The main feature of the explorer is the creation of context-specific protein-protein interaction (PPI) networks, based on STRINGdb and transcriptomics expression data of Fibromine. Note: available proteomic data are able to cover only a few proteins and thus were not used for PPI networks annotation.
Currently, the networks created consist of two shells in which only high confidence interactions are included (interaction score > 700). Briefly, the first shell includes maximum 9 interactors and the queried protein, while the second 18 interactors maximum (the two most confident interactors for each of the 9 proteins of the first shel interacting with the queried protein). Technically, a DrL layout is applied on the network, with protein interaction scores used as edge weights. Note: PPI interaction network visualizations can be downloaded with right click on the plot and then choosing the “Save image as…” option.
To annotate a general PPI network the user should use the panel at the right of the “PPI network tab”. The nodes of the resulting network are colored based on whether the respective genes are:
- differentially expressed (red for the upregulated or blue for the downregulated ones)
- or not (grey).
Nodes maintaining the previously used color (also named by their STRINGdb ID) represent TrEMBL proteins that are currently not supported by Fibromine, and thus their expression status cannot be assayed. Data used for each context-specific annotation are displayed for inspection at the last tab of the explorer, Data used tab.
The internal process applied to annotate the network is described in Workflow 1.
Workflow 1: Back-end process for context-specific PPI networks creation.
Note: To re-annotate an already annotated PPI network, please, reset the parameters using the homonym button
Datasets benchmarking tab
Dataset benchmarking tab presents the results of a custom datasets benchmarking process that is implemented to facilitate the user in the selection of the most “interesting” datasets to work with.
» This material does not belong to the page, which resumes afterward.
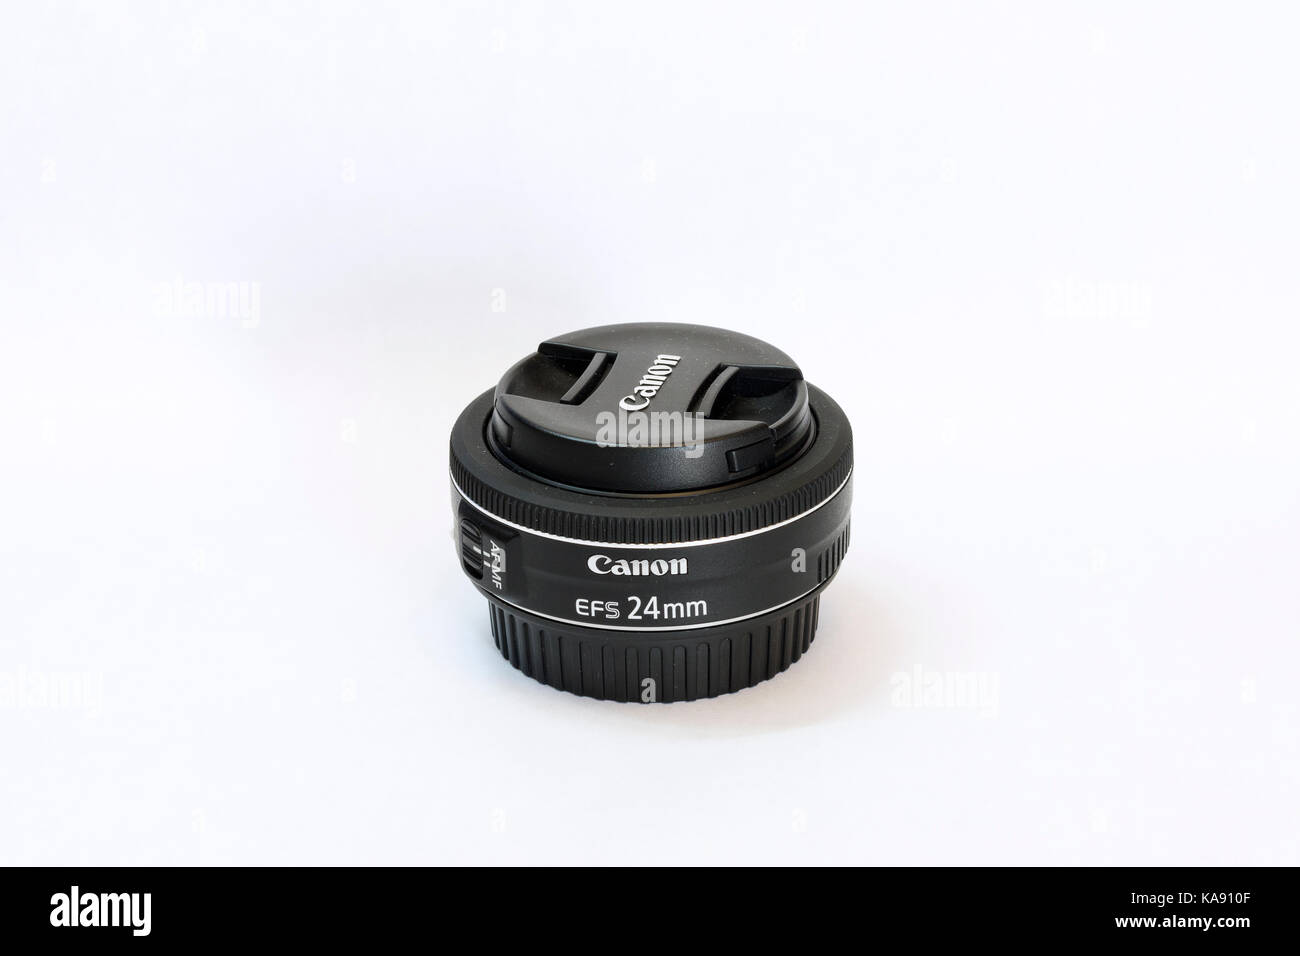 Canon EF-S 24mm f2.8 STM lens Stock Photo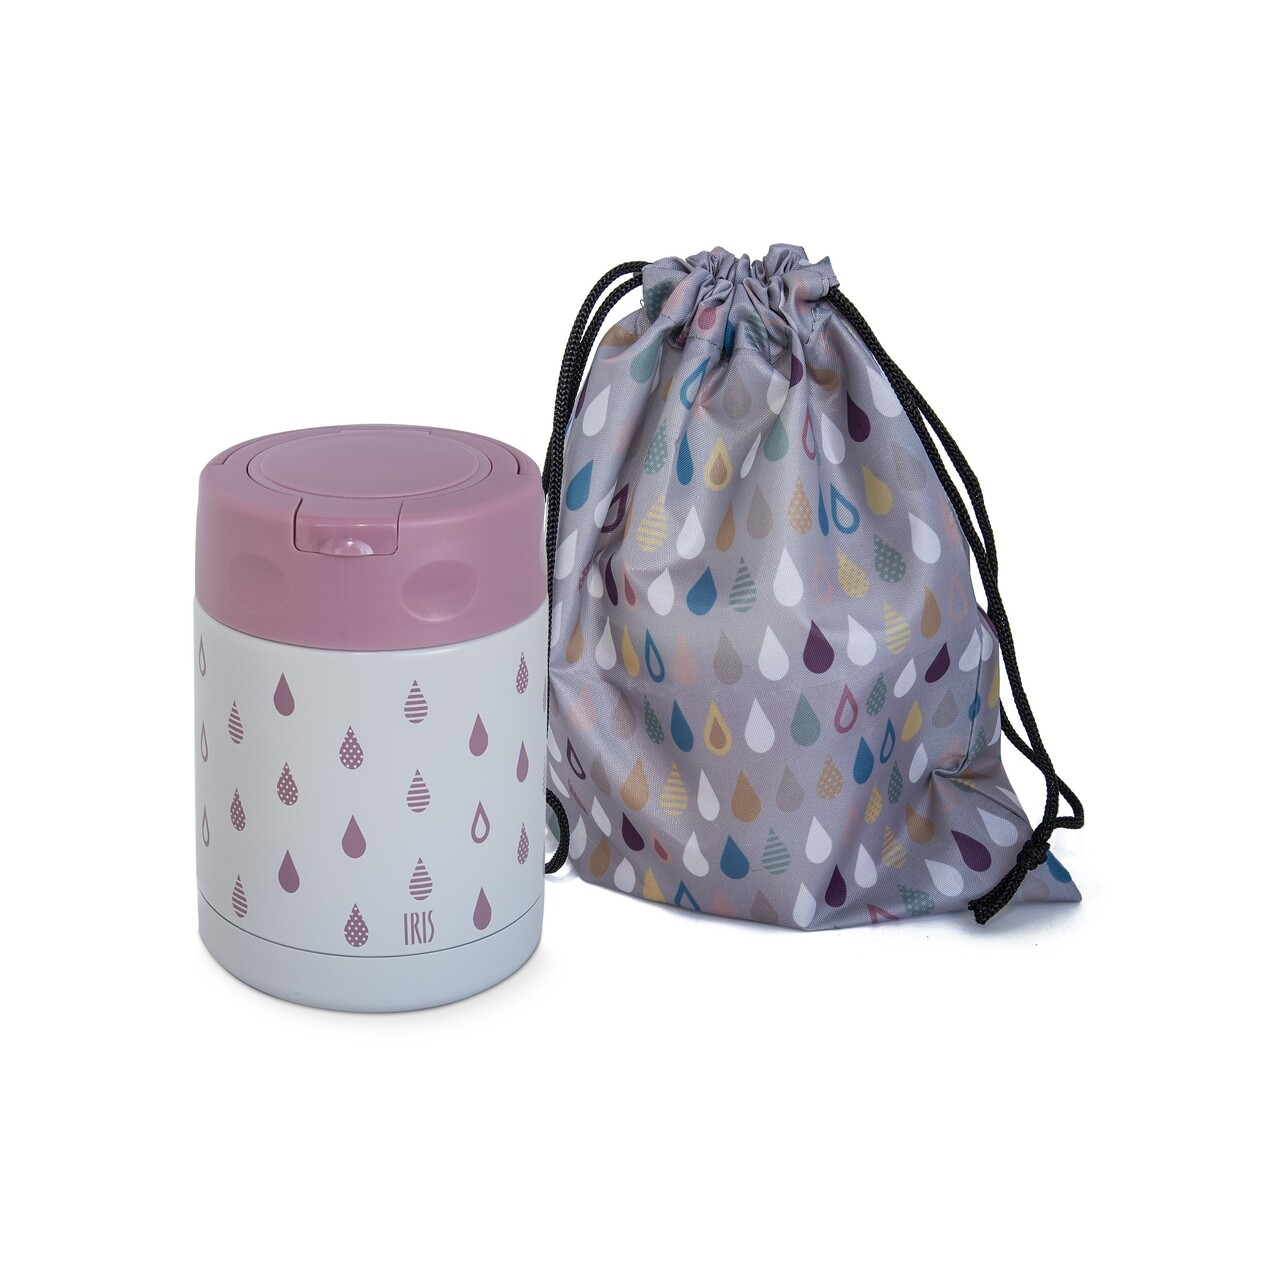 Termos mancare copii + geanta depozitare Drops, Iris Barcelona, 350 ml, pereti dubli, inox, roz

The basic concept of the applied strategy is to interrogate all transcriptomic datasets using a set of seven metrics, post to datasets/comparisons separation based on species and technology (microarrays/RNA-seq). For each of the dataset/comparison groups we shape a per metric distribution and each dataset receives a star for every metric value lying within a pre-specified range of the respective metric. The bigger number of stars a dataset has collected, namely the more metric values were found within the range, the more “trustworthy” it is considered.
The seven metrics along with the pre-defined ranges in which a dataset receives a star are:
Metric | Range | |
---|---|---|
1. | Number of detected genes | Median to 90th percentile |
2. | Number of differentially expressed genes | Inter-quartile range |
3. | Representation of a number of already known | |
pro-fibrotic genes among the differentially | Above the median | |
expressed ones | ||
4. | The number of differentially expressed genes | |
falling in each of three absolute FC bins: | Inter-quartile range | |
low (1.2,2) , intermediate [2,5) and high [5,) | ||
5. | Up/Down differentially expressed genes ratio | Inter-quartile range |
6. | The area under the p-value curve | Inter-quartile range |
7. | The area under the adjusted p-value curve | Inter-quartile range |
Download data tab
Normalized gene expression data and preomics differential expression data can be downloaded from the drop-down menus of the Download data tab using the ID of each dataset. The latter can be reviewed via the Transcriptomic datasets > Datasets and Proteomic datasets > Datasets tables of Dataset explorer, respectively.